Presidente do sindicato dos motoristas afirma que greve pode ser revista
da Folha Online
O presidente do sindicato dos motoristas de São Paulo afirmou na tarde desta sexta-feira que a paralisação dos ônibus pode não ocorrer na próxima segunda-feira (19). A decisão pela greve foi feita na terça (13) durante uma assembléia ocorrida no centro da cidade, após uma audiência de conciliação dos dirigentes sindicais com o SPUrbanuss --sindicato que representa as empresas de ônibus-- no TRT (Tribunal Regional do Trabalho).
Uma nova assembléia foi marcada para a tarde desta sexta-feira na sede do sindicato. Se efetivada, seria a terceira paralisação deste ano.

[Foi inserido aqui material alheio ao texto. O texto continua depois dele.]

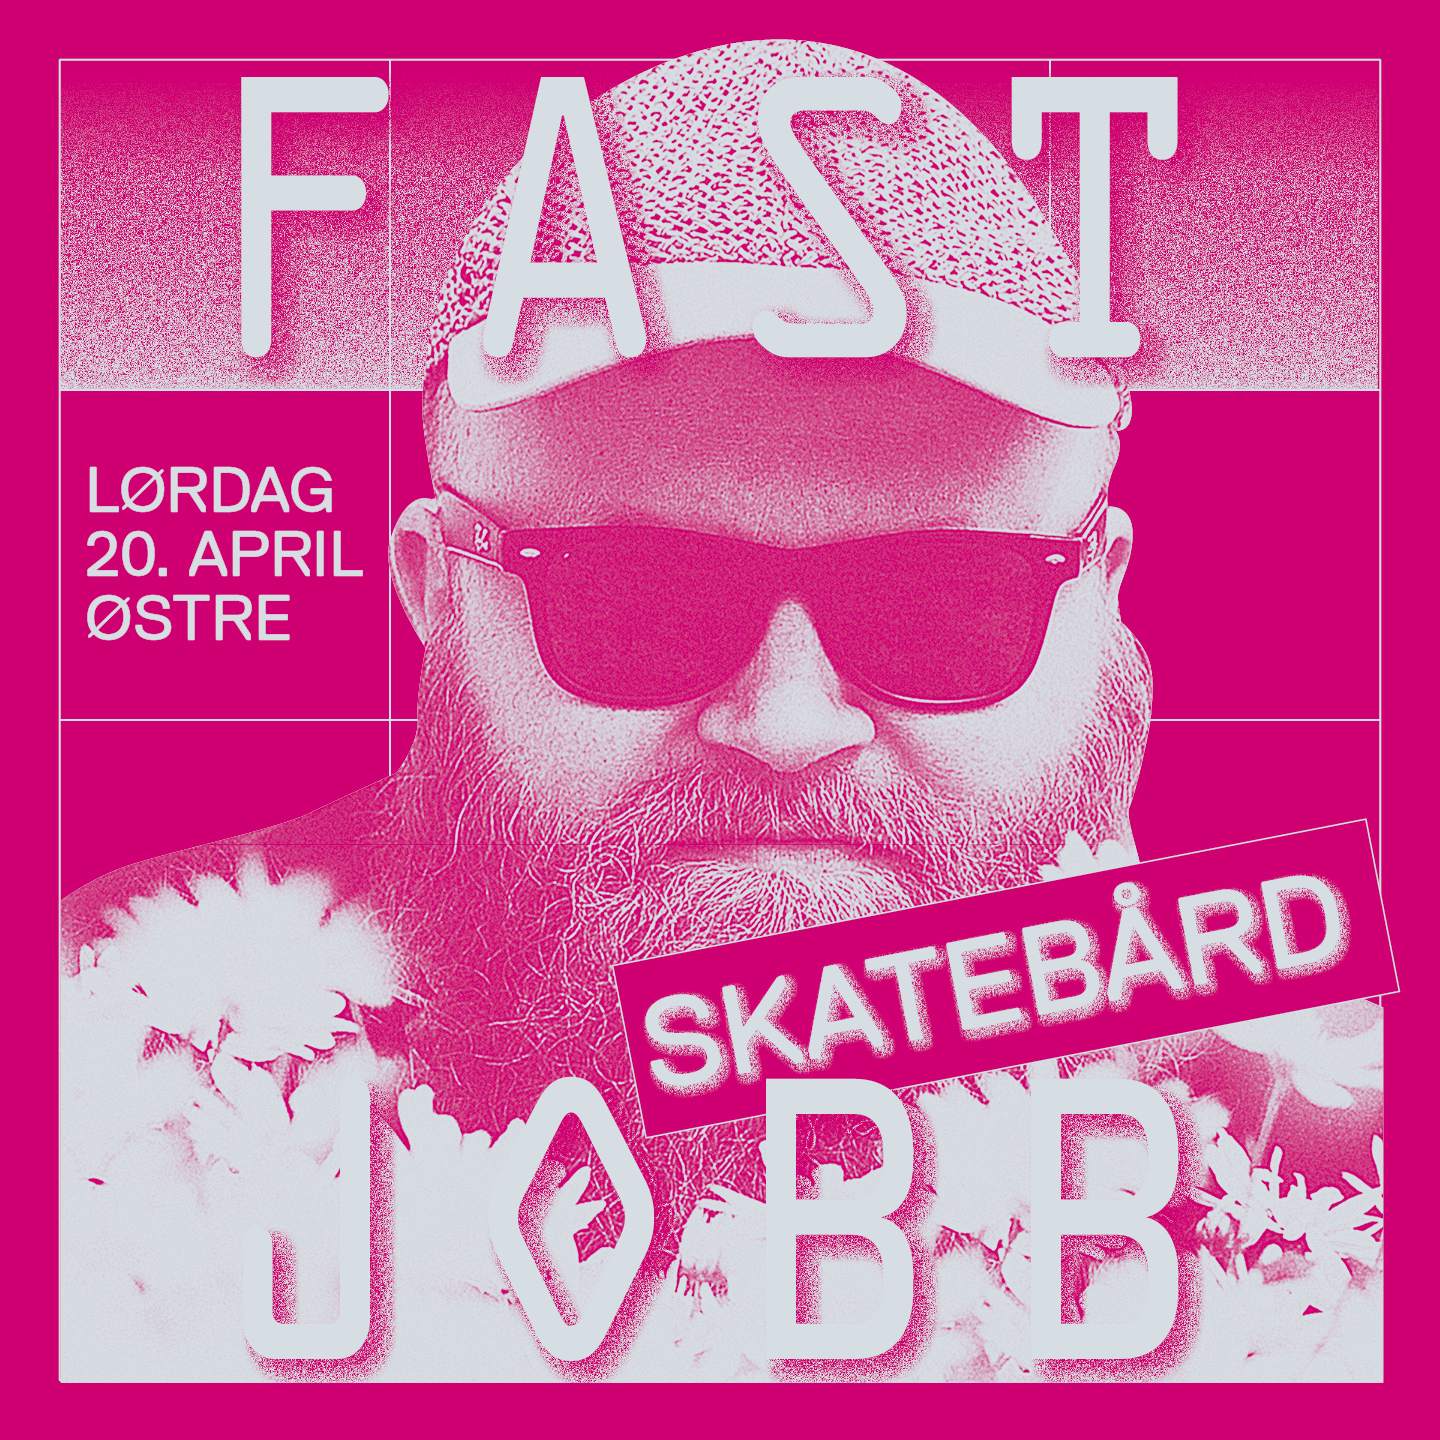 Fast jobb med Skatebård - フライヤー表

"Tudo vai depender do que a categoria determinar. Não fechamos um acordo antes pois precisamos consultar os trabalhadores", disse o presidente do Sindmotoritas (sindicato dos motoristas), Hisao Hosogi, mais conhecido como Jorginho.
Na tarde da última quinta-feira (15), representantes do Sindmotoristas (sindicatos dos motoristas) e do SPUrbanuss (sindicato que representa as empresas de ônibus) estiveram reunidos em uma audiência de conciliação no TRT da 2ª Região. O encontro discutiu as propostas oferecidas pelas duas partes e tentou selar um acordo para evitar a greve, o que acabou não ocorrendo.
Entre outros itens, os motoristas queriam 10,5% de aumento e a proposta ofertada foi de 7,5%, sendo 6% de reajuste imediato e a diferença de 1,5% paga no mês de julho.
De acordo com o TRT, a proposta havia sido aceita pelos sindicatos na reunião, entretanto, ela foi reconsiderada posteriormente pelo presidente do Sindmotoritas, que a rejeitou e saiu da audiência. O TRT avalia que a atitude do sindicalista prejudicou o acordo. Ante a isso, foi marcado julgamento do dissídio da categoria. O relator sorteado foi o desembargador Marcelo Freire Gonçalves.
Desgaste
A reportagem da Folha Online apurou que a possibilidade de voltar atrás em uma nova paralisação está ligada a três fatores: o primeiro é o desgaste da imagem da categoria junto à população, uma vez que foram realizadas outras duas paralisações só neste ano; a segunda está ligada ao fato de que um ato dessa proporção poderia prejudicar as intenções da atual diretoria nas eleições internas do sindicato, e o terceiro; as considerações dos desembargadores do TRT, que nesta tarde julgam o dissídio da categoria.
A eleição do sindicato estava marcada para ocorrer nos dias 15 e 16 deste mês. Ocorre que uma decisão da juíza Adriana Prado Lima, da 54ª Vara do Trabalho de São Paulo, suspendeu por 30 dias as eleições do sindicato. A paralisação com o viés de luta pela melhoria das condições dos trabalhadores seria uma demonstração de força que pode ser utilizada pelos atuais dirigentes numa tentativa de reeleição.
Numa reunião realizada nesta manhã, as lideranças do sindicato ponderam principalmente o que pode ser decidido pela seção especializada de dissídios coletivos do TRT-SP. Os desembargadores podem levar em consideração as duas paralisações já feitas pela categoria neste ano, embora elas possam ser alvo julgamentos futuros, em separado.
Dependendo da consideração dos desembargadores --que podem levar em conta até a postura do presidente do sindicato de sair da reunião ontem tendo falado inicialmente que aceitaria o acordo--, a multa poderá ficar pesada para os cofres do sindicato e complicar a situação da atual diretoria nas eleições internas.